■ **TASK INSTRUCTIONS**
Reproduce everything from the line that contains "football, Bundesliga, 1971/1972, Stadium" down to the line that contains "e1e584abae990 The Strokes, Santogold" in the listing below, word for word and nothing more. Leave the pictures out.

■ **DATASET ENTRIES**

────────────────

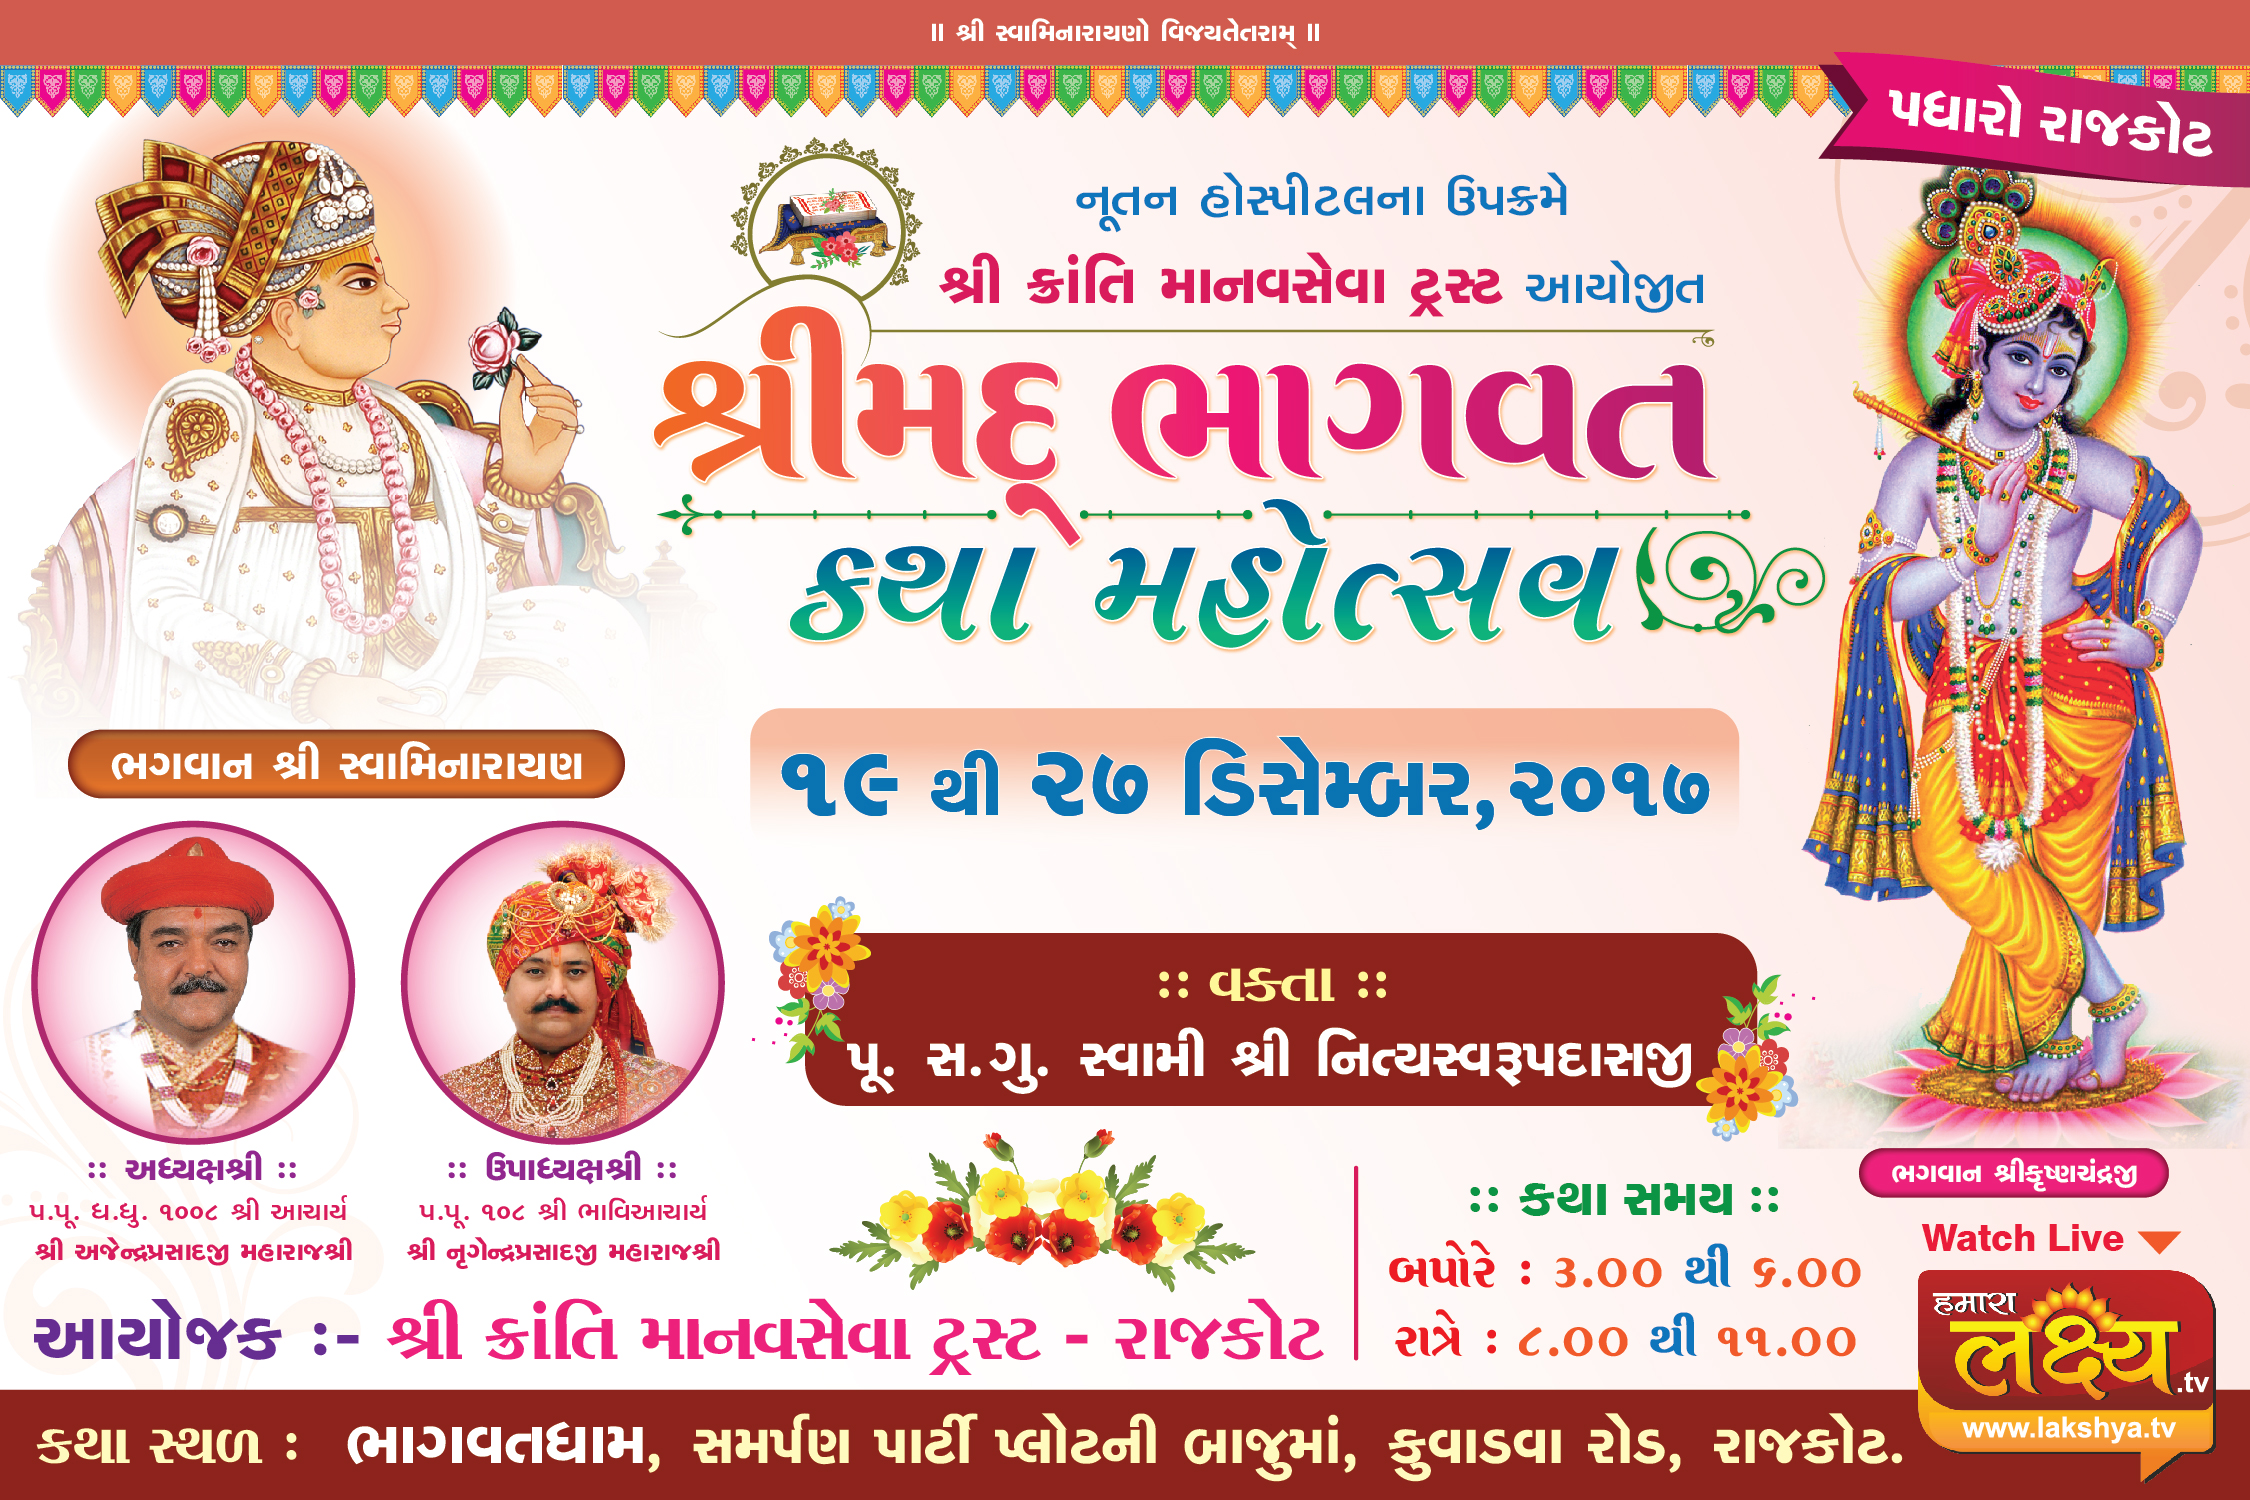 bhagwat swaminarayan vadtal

────────────────

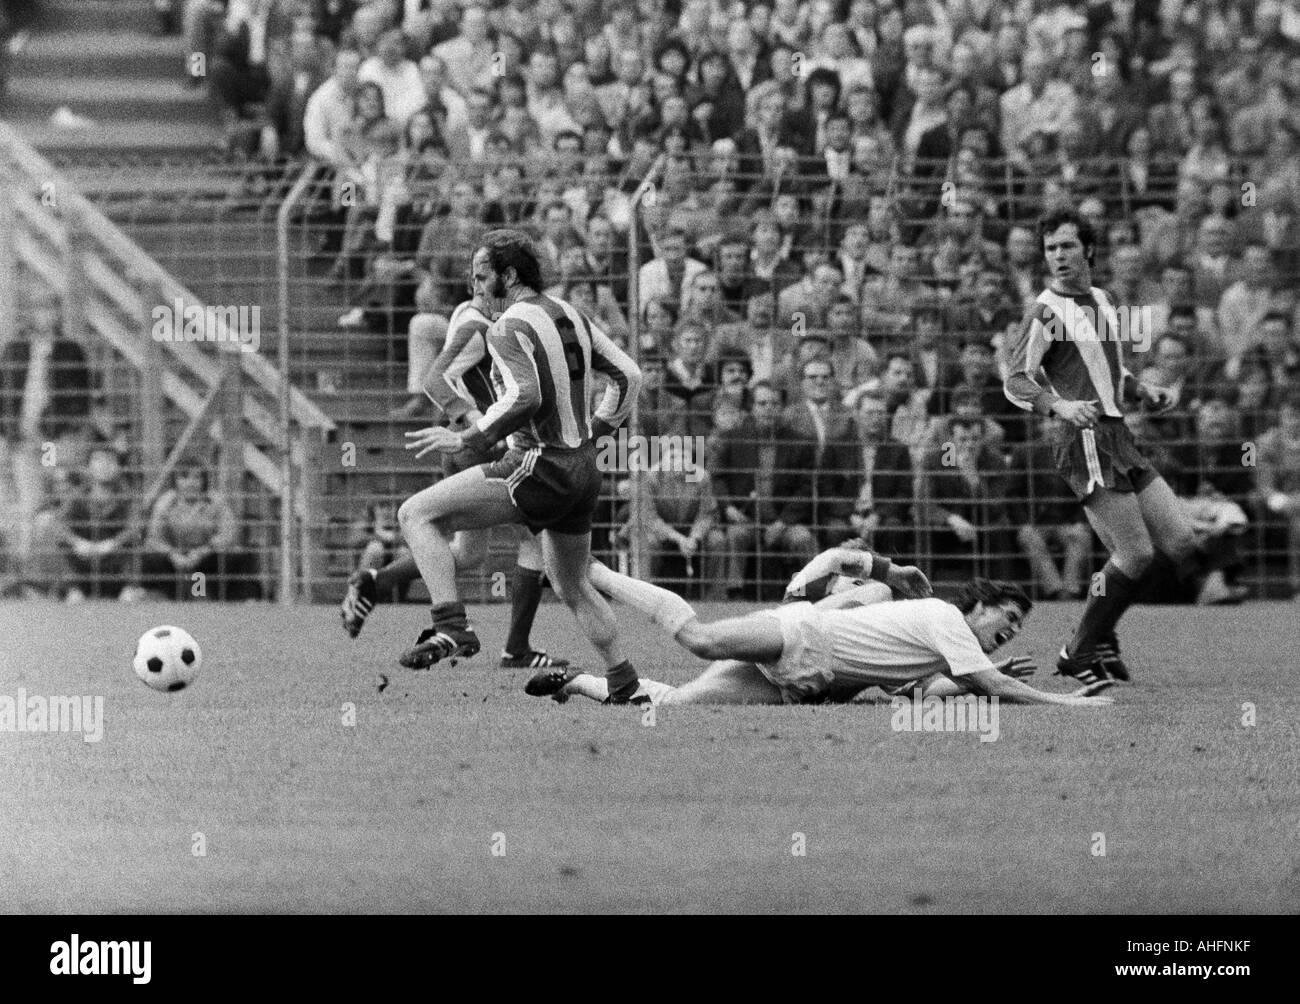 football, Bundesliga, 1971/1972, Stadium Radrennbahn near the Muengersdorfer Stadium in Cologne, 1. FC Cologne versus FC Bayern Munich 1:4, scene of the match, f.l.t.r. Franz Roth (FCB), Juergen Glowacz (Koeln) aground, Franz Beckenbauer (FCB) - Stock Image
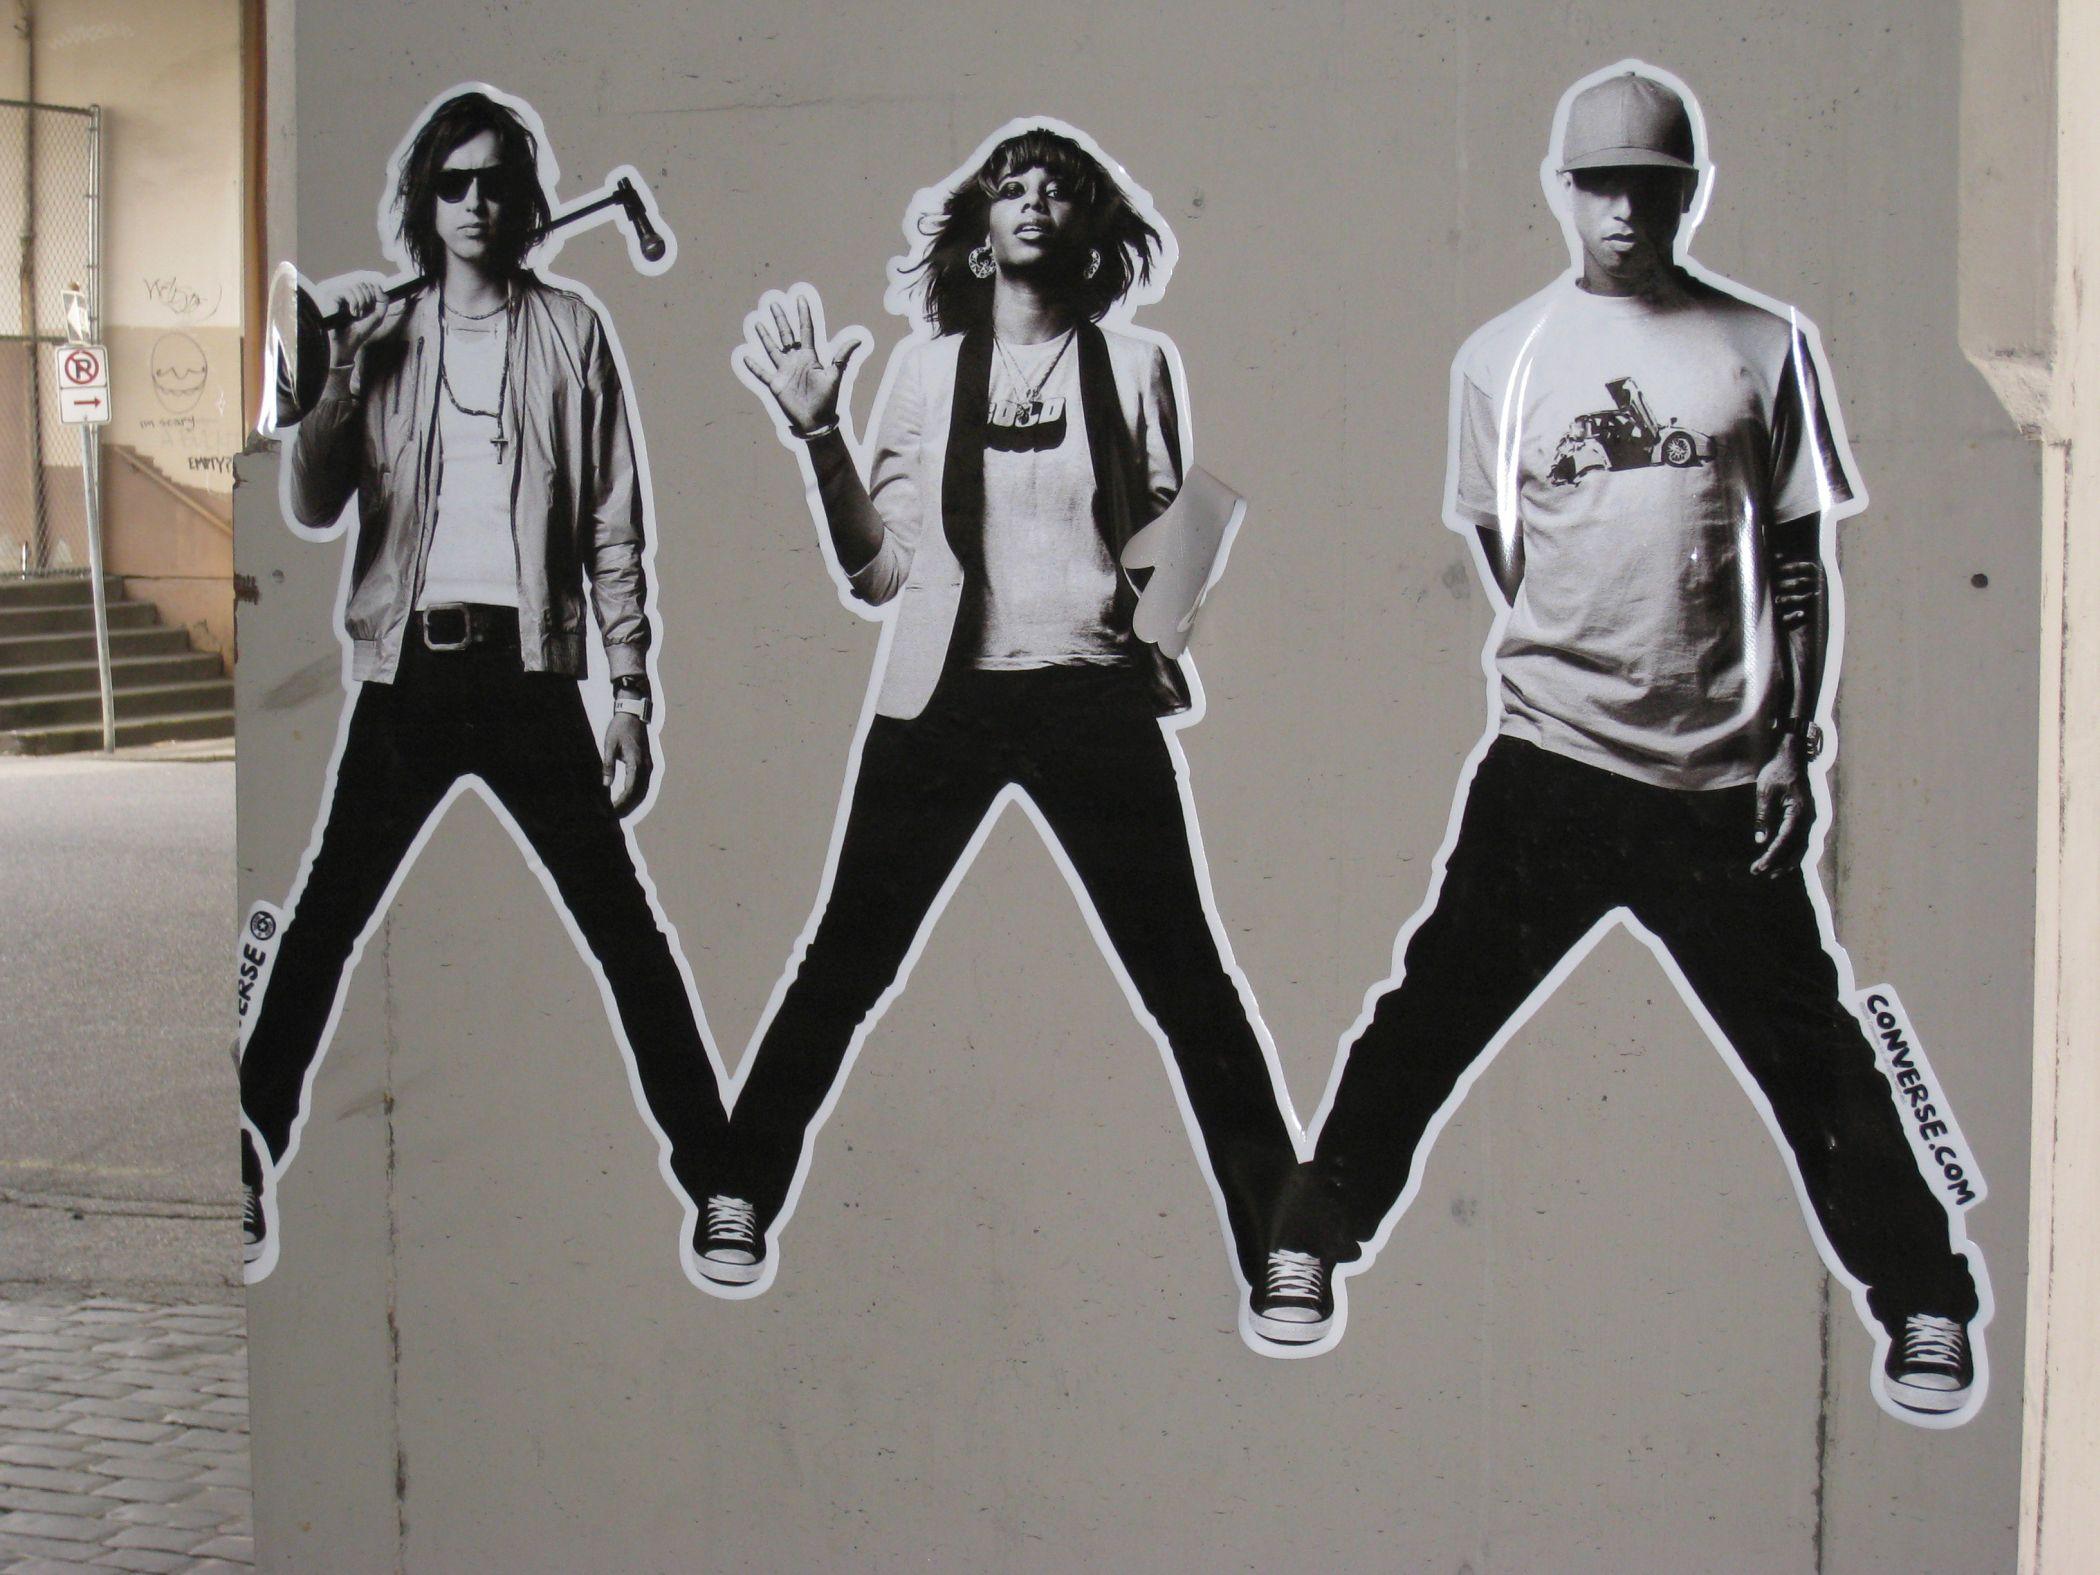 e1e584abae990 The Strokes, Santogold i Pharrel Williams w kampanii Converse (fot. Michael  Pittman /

────────────────

■ **EXPECTED ANSWER**
 football, Bundesliga, 1971/1972, Stadium Radrennbahn near the Muengersdorfer Stadium in Cologne, 1. FC Cologne versus FC Bayern Munich 1:4, scene of the match, f.l.t.r. Franz Roth (FCB), Juergen Glowacz (Koeln) aground, Franz Beckenbauer (FCB) - Stock Image
 e1e584abae990 The Strokes, Santogold i Pharrel Williams w kampanii Converse (fot. Michael  Pittman /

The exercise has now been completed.